What Didn’t Work (And Why That’s Valuable)

The 1.7-second local latency isn’t presented as embarrassing — it’s the baseline that makes the optimization story legible. The author is clear that the biggest gains came from infrastructure decisions, not clever code:

  • Wrong region → +900ms
  • Cold WebSocket connections → +300ms
  • Slow inference provider → +200–400ms

That’s over a second of latency that had nothing to do with algorithm design. For anyone building voice AI, this framing is genuinely useful: measure your infrastructure before you optimize your code.


Pricing & Alternatives

The author used ~$100 in API credits to build and test the whole thing.
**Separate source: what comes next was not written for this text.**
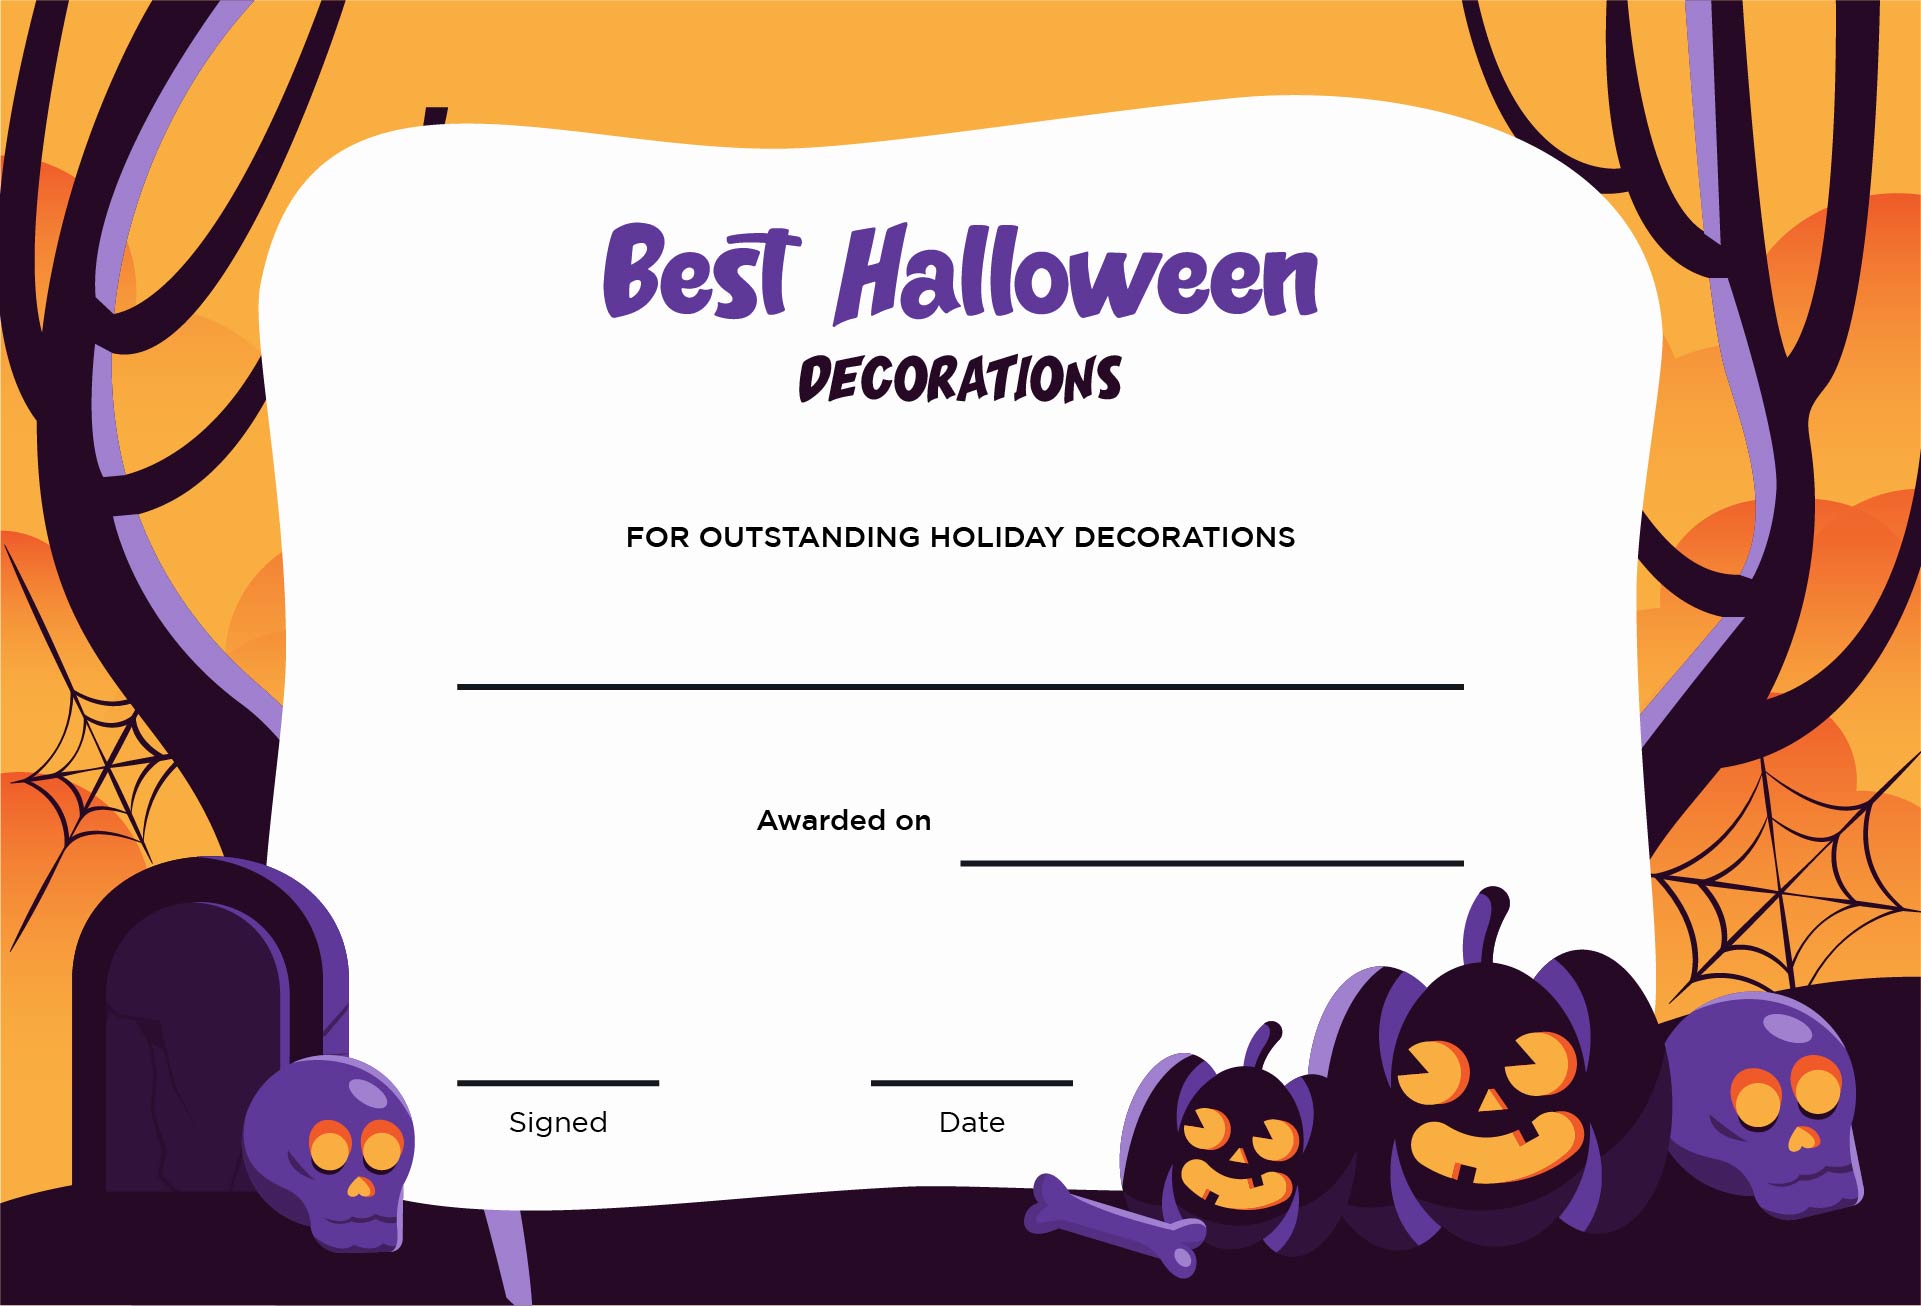 Best Halloween Decorations Printable Certificate

Here’s a rough breakdown of the services involved and their tradeoffs:

ComponentWhat Was UsedNotable AlternativeTradeoff
TelephonyTwilioVonage, TelnyxTwilio has best docs/ecosystem
STT + Turn DetectionDeepgram FluxWhisper (OpenAI), AssemblyAIDeepgram faster for streaming
LLM InferenceGroq (llama-3.3-70b)OpenAI gpt-4o-miniGroq ~4x faster TTFT, less flexible
TTSElevenLabsCartesia, PlayHTElevenLabs most natural, pricier
HostingRailway.app (EU)Fly.io, RenderProximity to API endpoints matters

The choice of Groq is the most opinionated one here. The author originally tried gpt-4o-mini (300–500ms TTFT) and Groq’s llama-3.3-70b (~80ms TTFT). For a voice agent where humans expect sub-300ms response times to feel natural, that difference is the line between “impressive demo” and “broken product.”


The Bottom Line: Who Should Care?

Developers building voice AI products should read this post top to bottom. It’s the rare engineering writeup that includes actual latency numbers at each stage — not just the final result.

Indie hackers and AI startup founders will appreciate that this was built in ~1 day for ~$100. The barrier to building a working voice agent is lower than most people think. The barrier to building one that feels good is where the real work is.

LLM infrastructure teams should take note of the Groq vs. OpenAI comparison. When TTFT is literally more than half your total latency, inference speed becomes a product feature, not an implementation detail.

Anyone surprised by their own voice agent latency: if you haven’t measured the network distance between your orchestration server and your API providers, do that before touching your code. The biggest gains here came from geography, not algorithms.

The code is open source at github.com/NickTikhonov/shuo. Whether you use it directly or just as a reference architecture, it’s one of the better practical examples of streaming voice AI that’s publicly available right now.